Le imprese presenti hanno analizzato il settore mettendo in luce aspetti positivi e criticità riscontrate nel grande cambiamento che stiamo vivendo.
I rappresentanti delle società di compressori Pietro Trevisan di Bitzer, Bachir Bella di Emerson, Luca Alinovi di Frascold e Johari Gregorio di Embraco hanno trattato le reazioni dei compressori rispetto ai refrigeranti a basso GWP, idrocarburi, HFO e CO2. Una carrellata completa insomma del futuro di un componente fondamentale e delle possibili applicazioni con refrigeranti non dannosi per l’ambiente.
A seguire Giovanni Tonin di Carel ha fatto chiarezza sulle buone pratiche per ottenere l’alta efficienza nella refrigerazione commerciale, Edoardo Monfrinotti di Chemours sui nuovi refrigeranti a basso GWP, Francesco D’Angelo della Angelantoni Life Scienze sulla conservazione di campioni biologici a temperature criogeniche, Stefano Filippini di LUVE sugli scambiatori di calore ad alta efficienza e CO2, Riccardo Turolla di Vulkan su attrezzature e giunti meccanici e Maurizio Roncoroni di Inficon sulle apparecchiature per la rilevazione di perdite negli impianti di refrigerazione.
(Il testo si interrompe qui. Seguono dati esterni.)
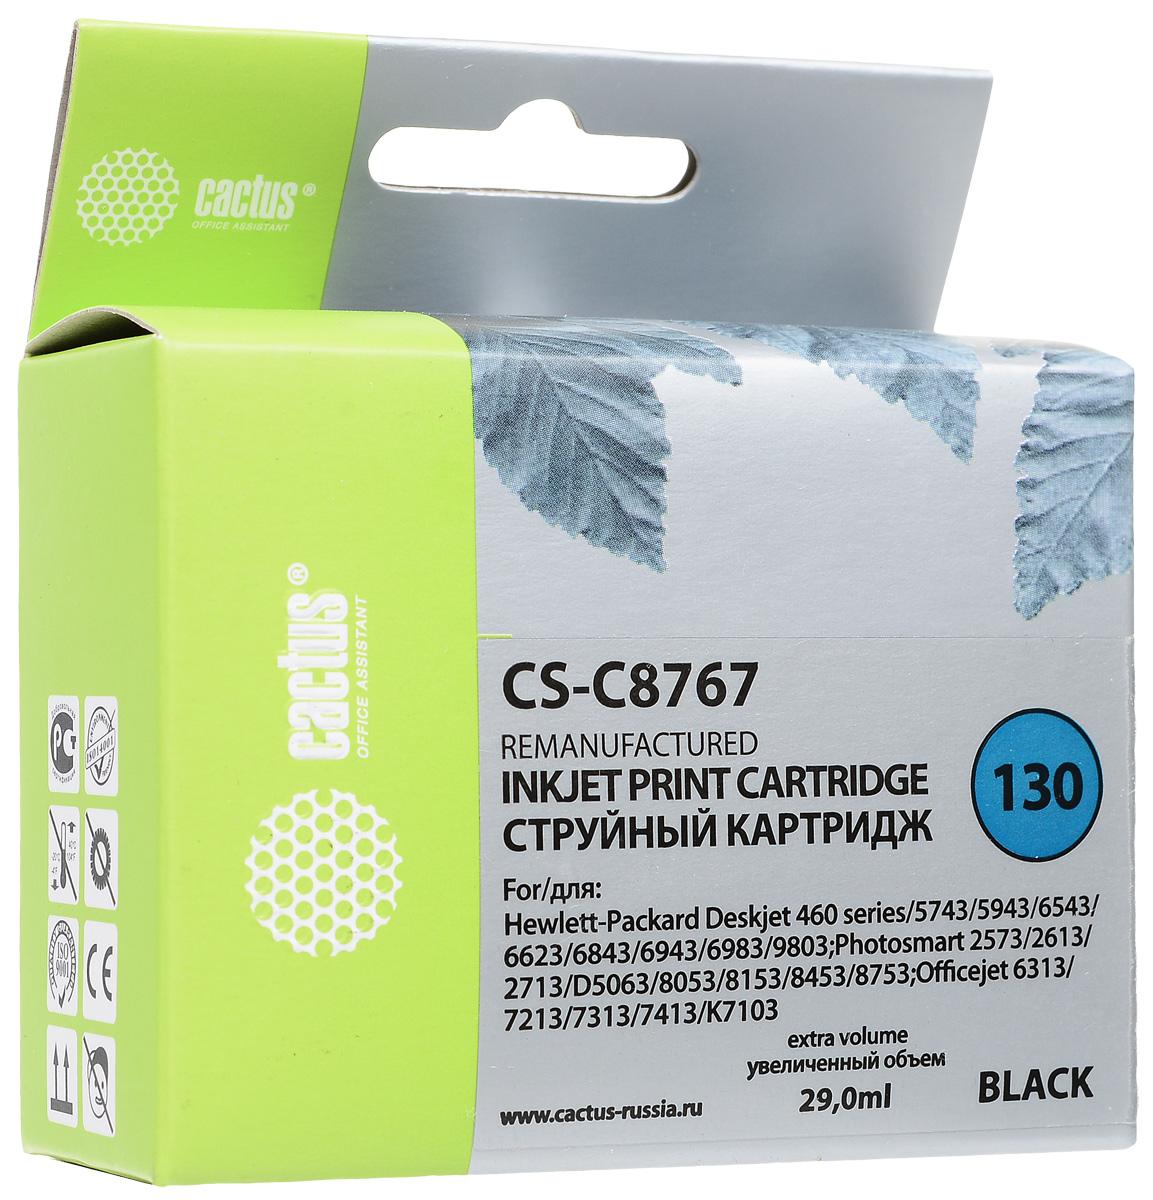 Cactus CS-C8767 №130, Black картридж струйный для HP Deskjet 460series/5743/6543/9803/2573/D5063/8053/6313/7213/K7103 цена 2017

Le conclusioni del convegno quindi confermano che le aziende sono pronte a questo passo con tecnologie adeguate e all’avanguardia. Saranno pronti i tecnici e il mercato che dovranno usarle? Tocca a tutti noi con la formazione e l’informazione fare che ciò avvenga nel miglior modo possibile.
Il prossimo appuntamento con il Convegno Europeo a giugno 2017 presso il Politecnico di Milano, con la storica edizione dei 35 anni di informazione ad altissimo livello tecnico e scientifico a favore di un settore fondamentale per la vita sulla Terra.